Supplied data:

..........

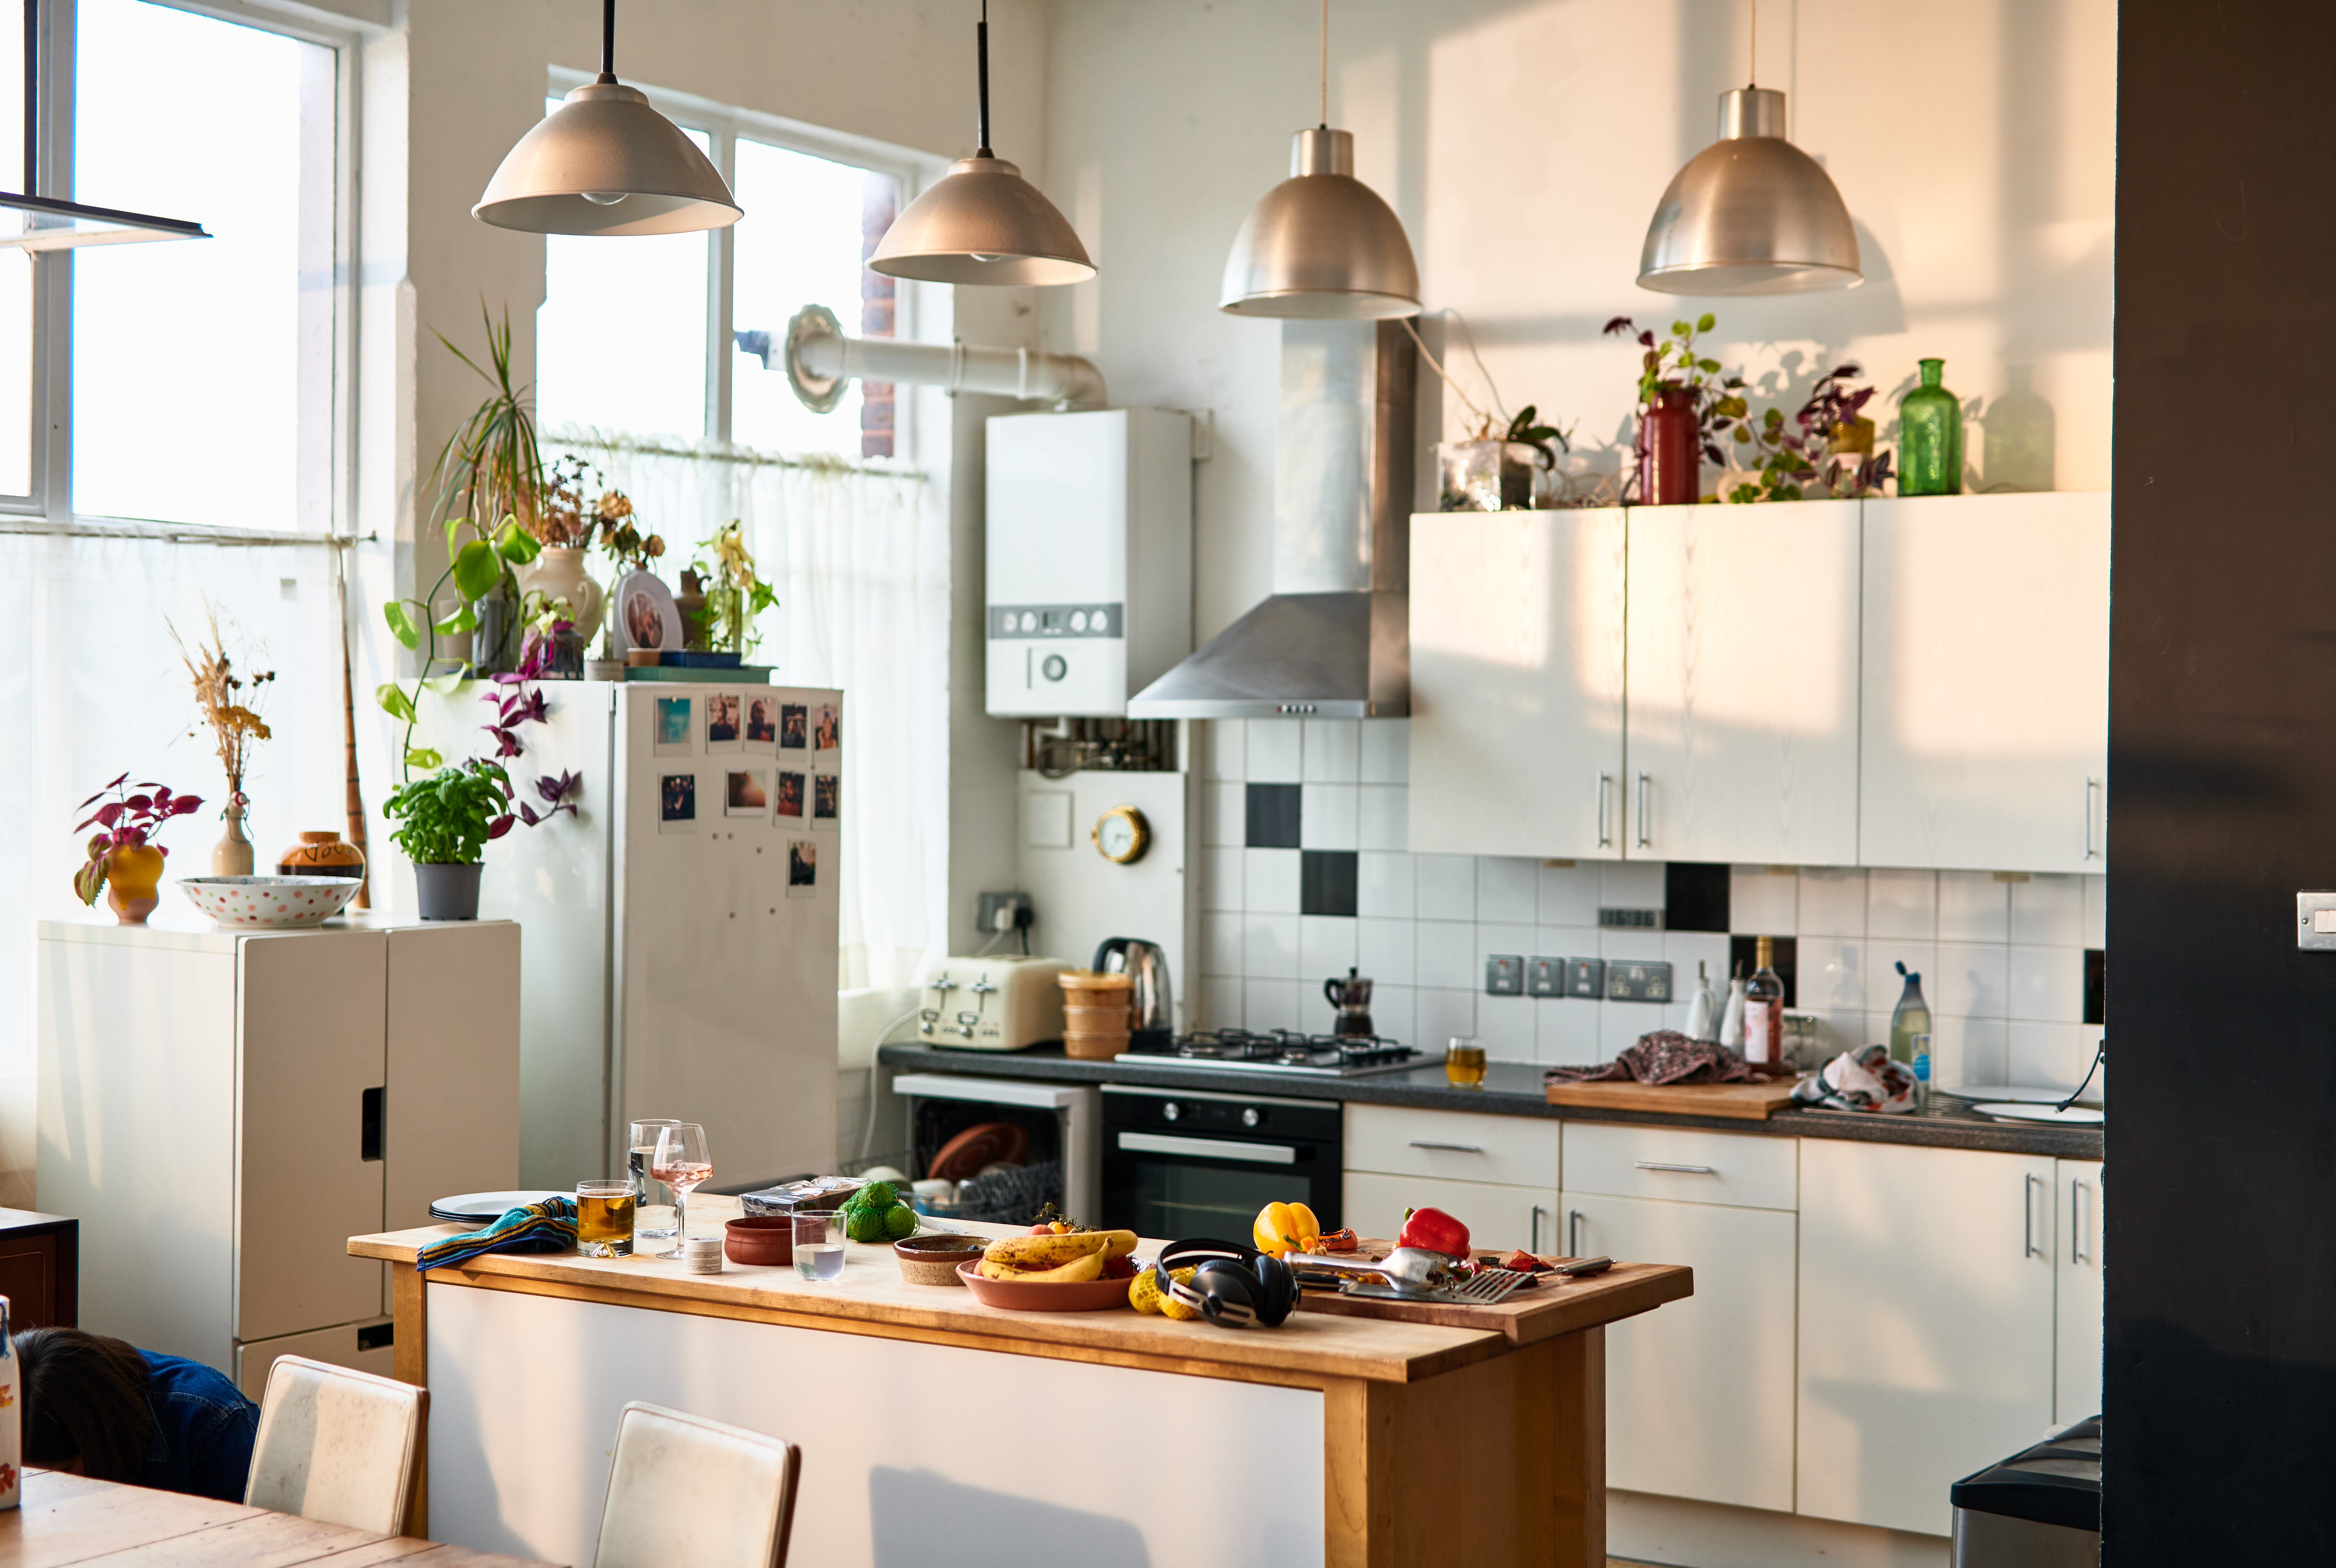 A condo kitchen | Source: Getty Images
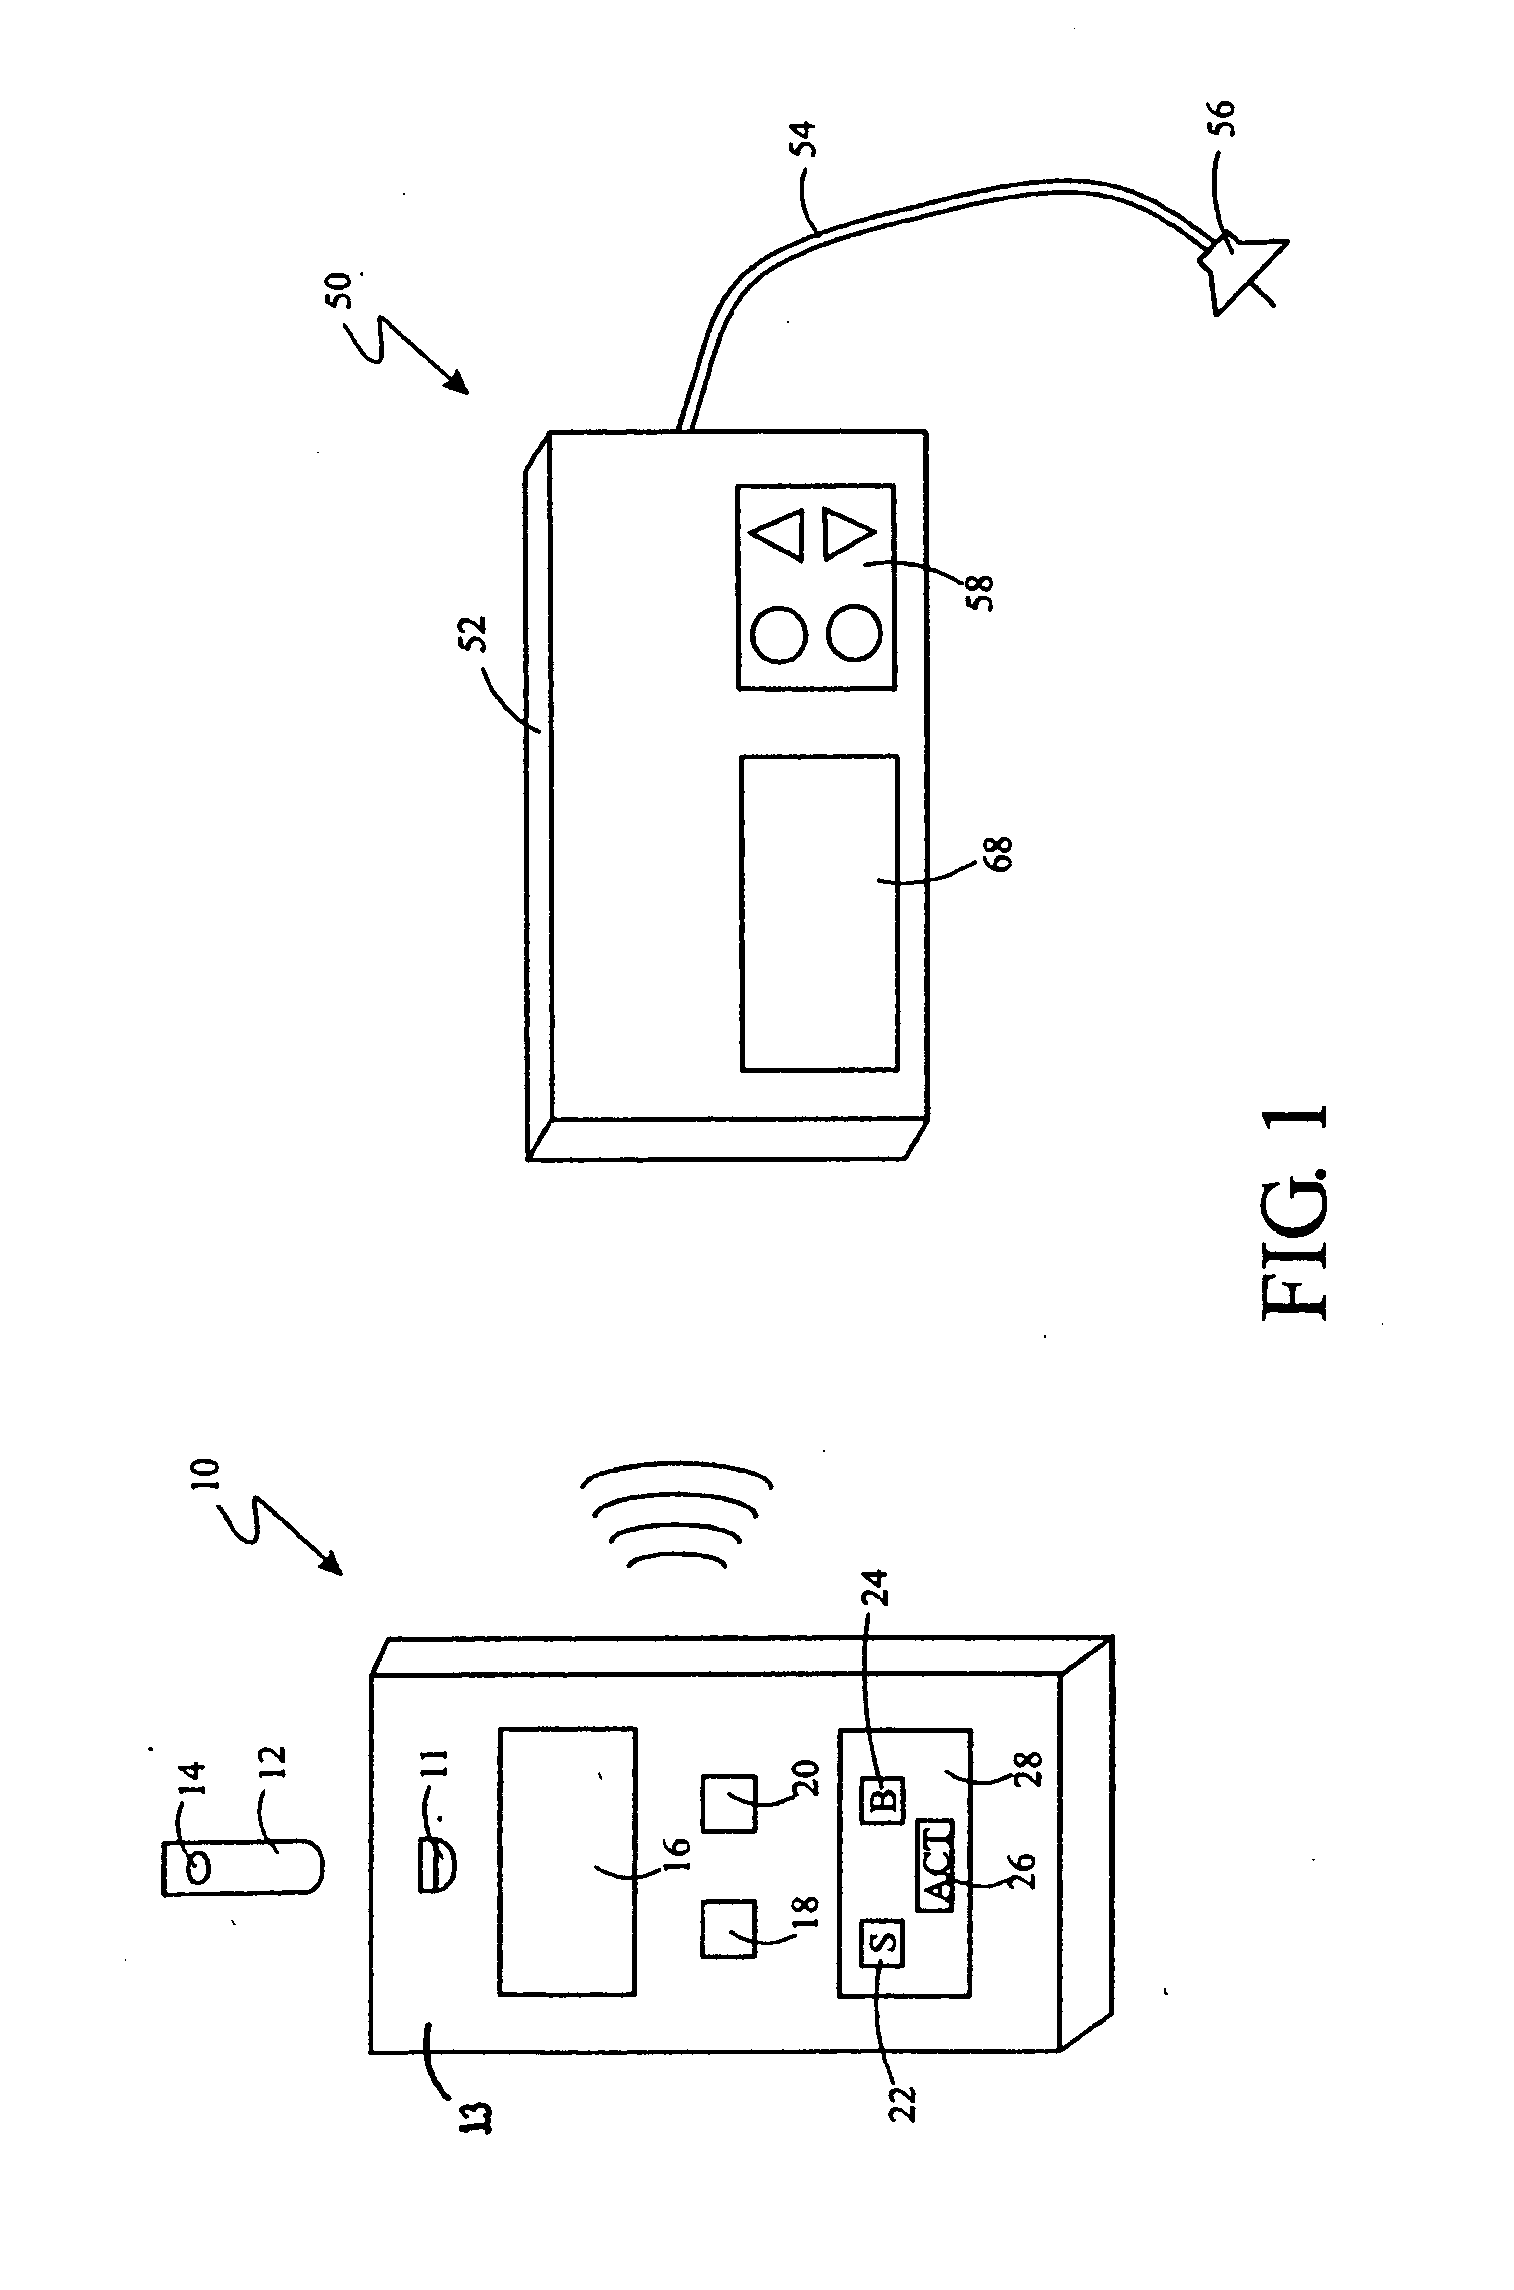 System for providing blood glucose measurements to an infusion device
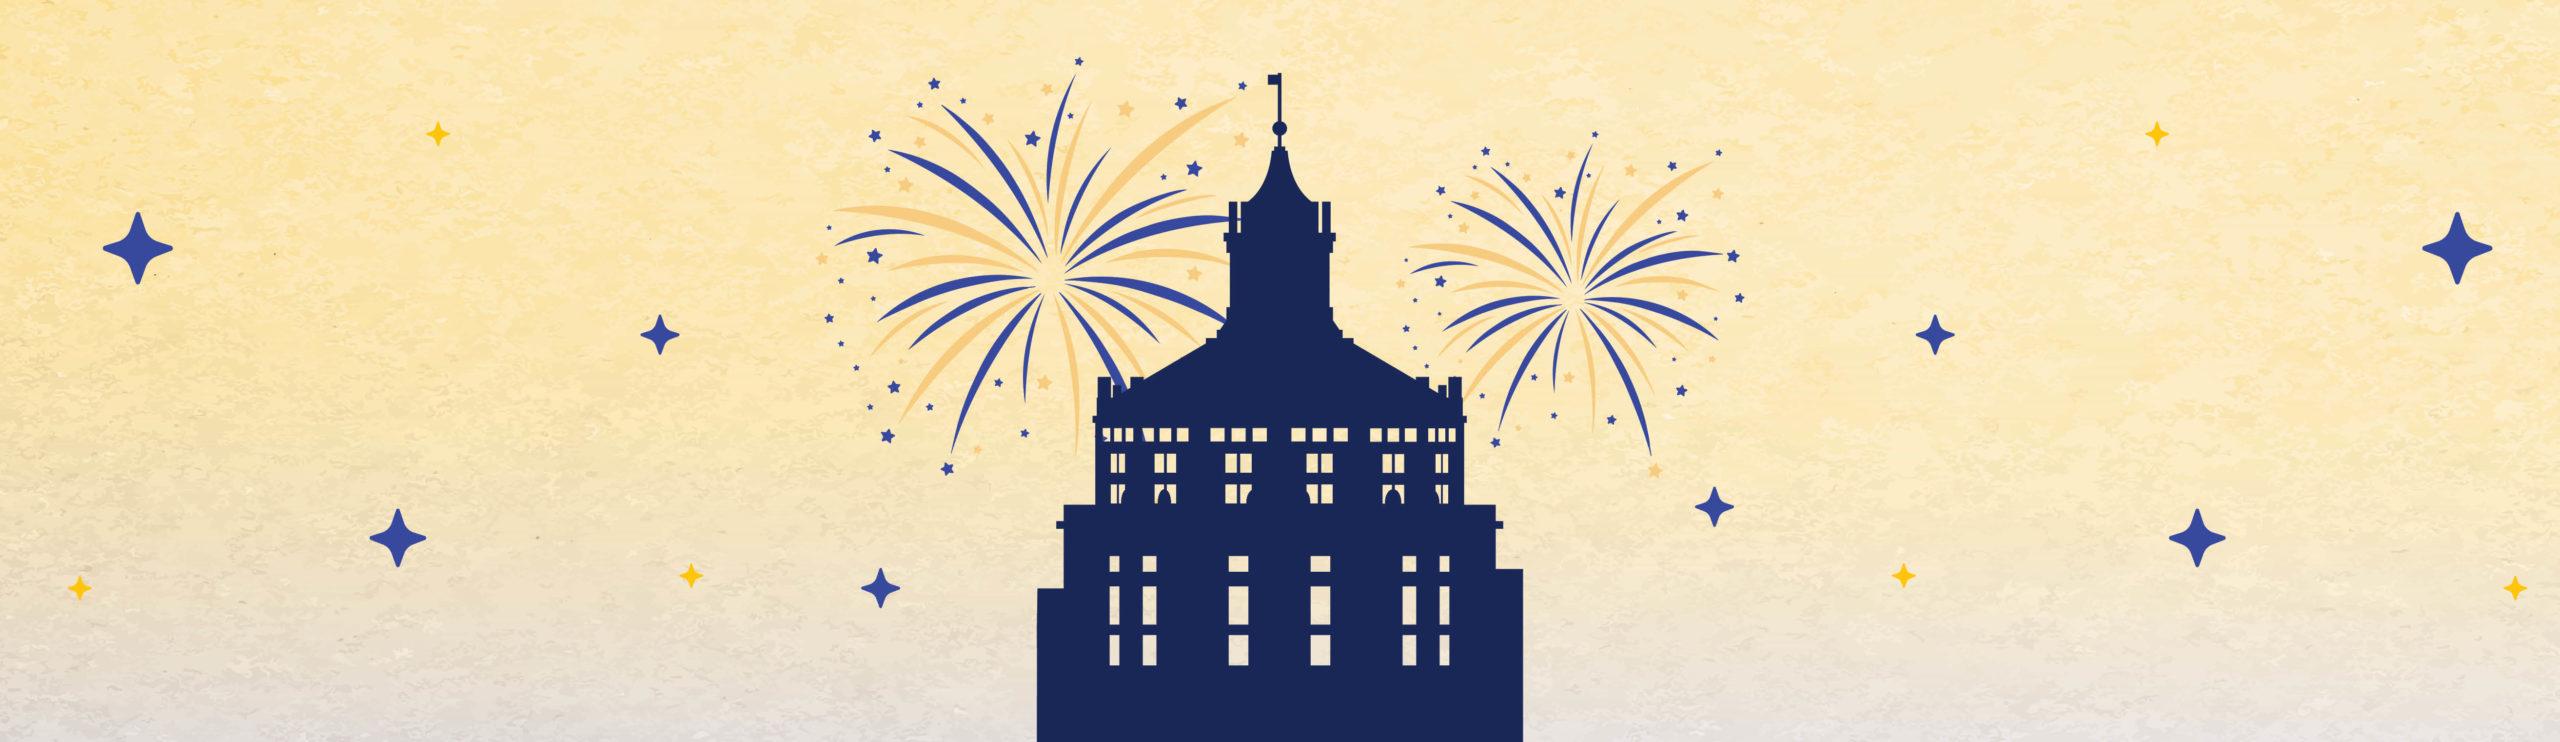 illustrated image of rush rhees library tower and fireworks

..........

Problem to solve: Transcribe the data word for word, with no images.

Reply to the exercise:
 A condo kitchen | Source: Getty Images
 System for providing blood glucose measurements to an infusion device
 illustrated image of rush rhees library tower and fireworks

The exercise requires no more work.